Prenatal diagnosis: Anomalous pulmonary venous return can be diagnosed before birth by a fetal echocardiogram or heart ultrasound as early as 18 weeks into the pregnancy. This test is done when there is a family history of congenital heart disease or when a question is raised during a routine prenatal ultrasound. Symptoms: In most cases symptoms of congestive heart failure and/or cyanosis alerts parents or health care providers that the child may have a heart problem. These symptoms are most often noted during the first days or weeks of life. Cyanosis refers to a bluish color of the baby’s lips and nailbeds and occurs when blood oxygen levels are low. Symptoms of congestive heart failure in infants include rapid breathing, clammy sweating, poor feeding, and poor growth. Physical findings: Most babies with anomalous pulmonary venous return are born at term and are a normal weight and length (since before birth the baby’s oxygen comes from the mother). After birth, the baby’s lips and fingernails may look blue. A heart murmur is almost always heard. If congestive heart failure is present, the heart rate and breathing rate will be increased. Medical tests: The suspected diagnosis is confirmed by an echocardiogram. Sometimes, a heart catheterization is needed to determine the extent of the problem and/or to help the doctors plan the surgery. An oxygen saturation test is used to measure the blood oxygen levels. Other tests include an electrocardiogram and chest x-ray.

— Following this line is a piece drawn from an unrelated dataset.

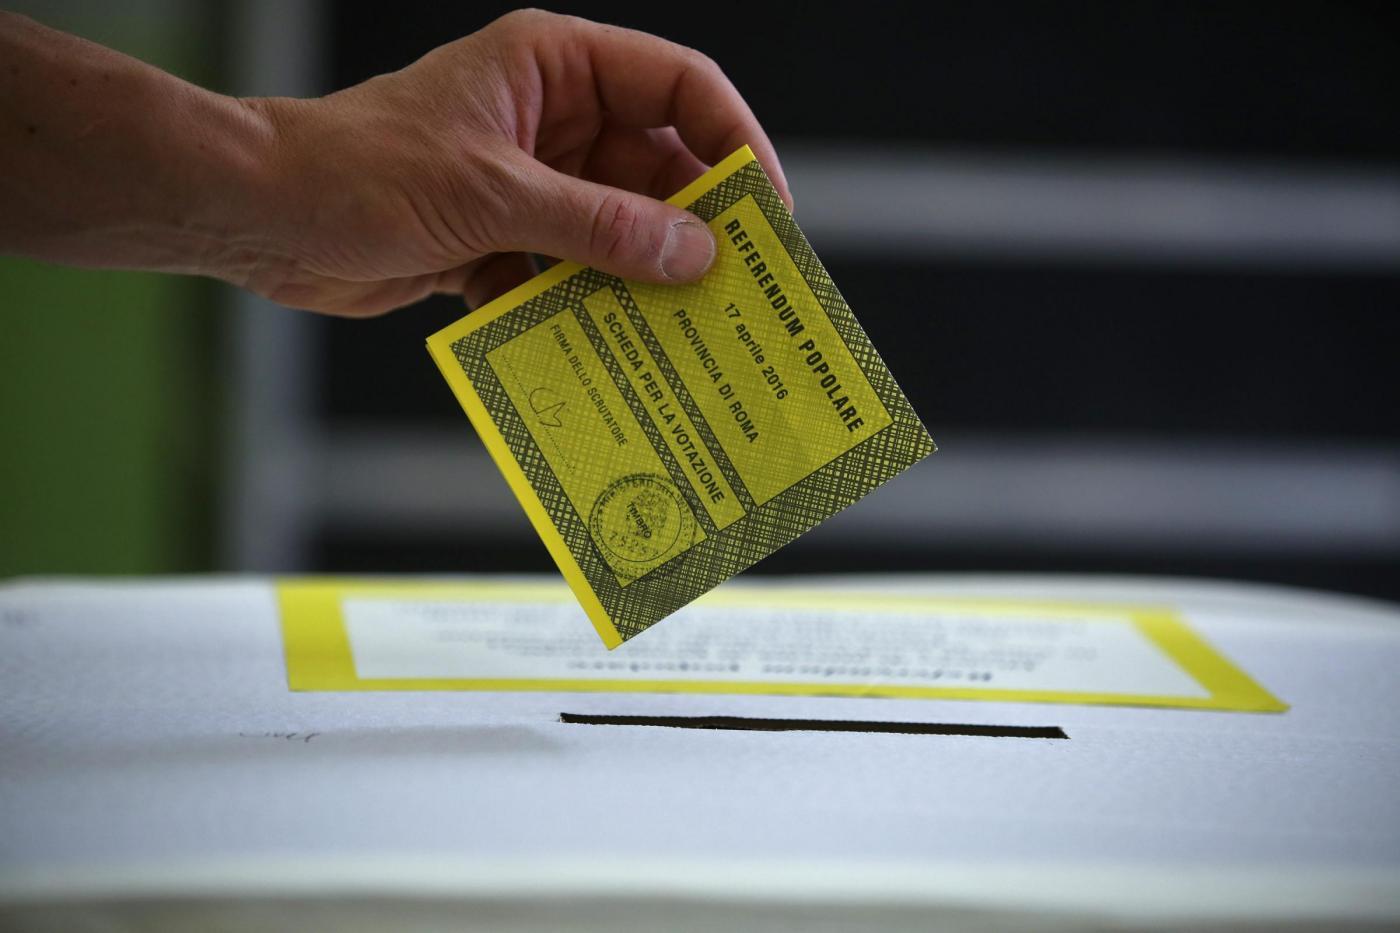 Voto sul referendum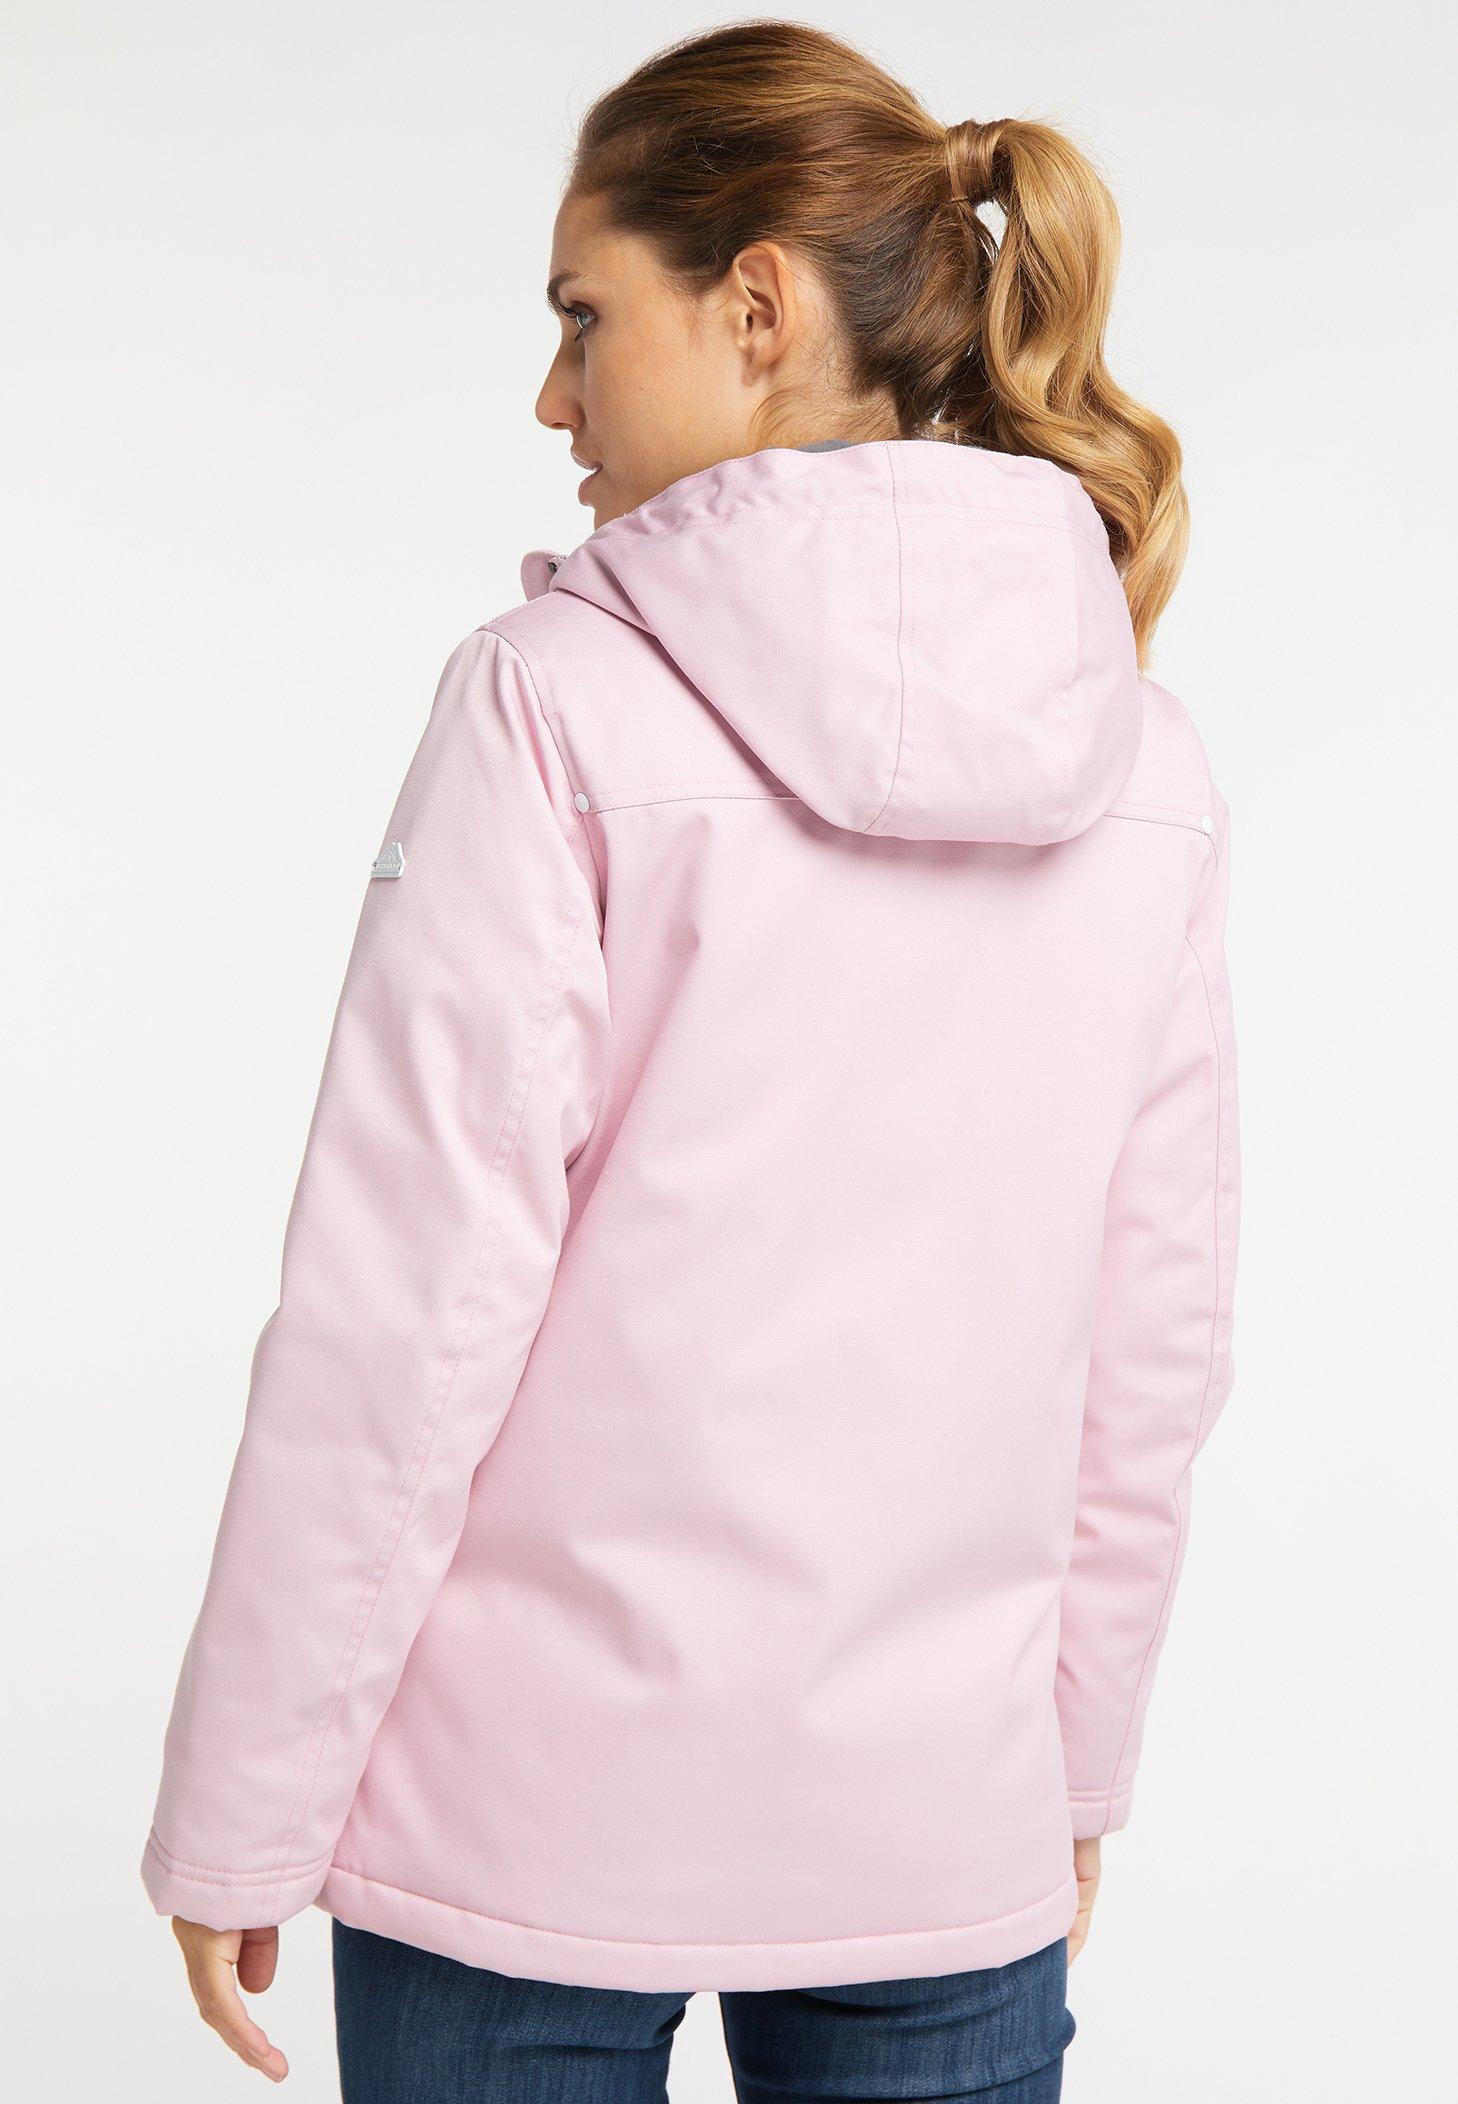 ICEBOUND Winterjacke powder pink/rosa

How is the problem treated?

TAPVR is a serious heart defect and left untreated, most children would not survive the first year of life. Treatment consists of a heart operation to re-route all of the pulmonary venous return to the left atrium. The ASD is also closed with a patch. The timing of surgery depends, in part, on whether or not obstruction is present. If it is, surgery is done on an urgent basis, otherwise, surgery is usually done early, within the first six months of life. Indications for surgical repair of PAPVR include excessive blood flow to the lungs as evidenced by symptoms and/or the results of heart tests done. What are the long-term health issues for these children? Long-term results are excellent for most children after following repair of APVR. Possible complications after surgery include obstruction at the site of the repair, development of pulmonary artery hypertension, and later (during adulthood), abnormal heart rhythms such as atrial flutter and sick sinus syndrome. SBE prophylaxis: An increased risk for subacute bacterial endocarditis (SBE) following repair of APVR may be present. This is an infection of the heart caused by bacteria in the blood stream. Children with heart defects are more prone to this problem because of the altered flow of blood through the heart. It can occur after dental work or medical procedures on the GI or respiratory tract because these procedures almost always result in some bacteria entering the blood. SBE can usually be prevented by taking an antibiotic before these procedures. If the surgery result is good, SBE may not be needed. Exercise guidelines: An individual exercise program is best planned with the doctor so that all factors can be included. In general, children with APVR (without other heart problems) do not have any exercise restrictions.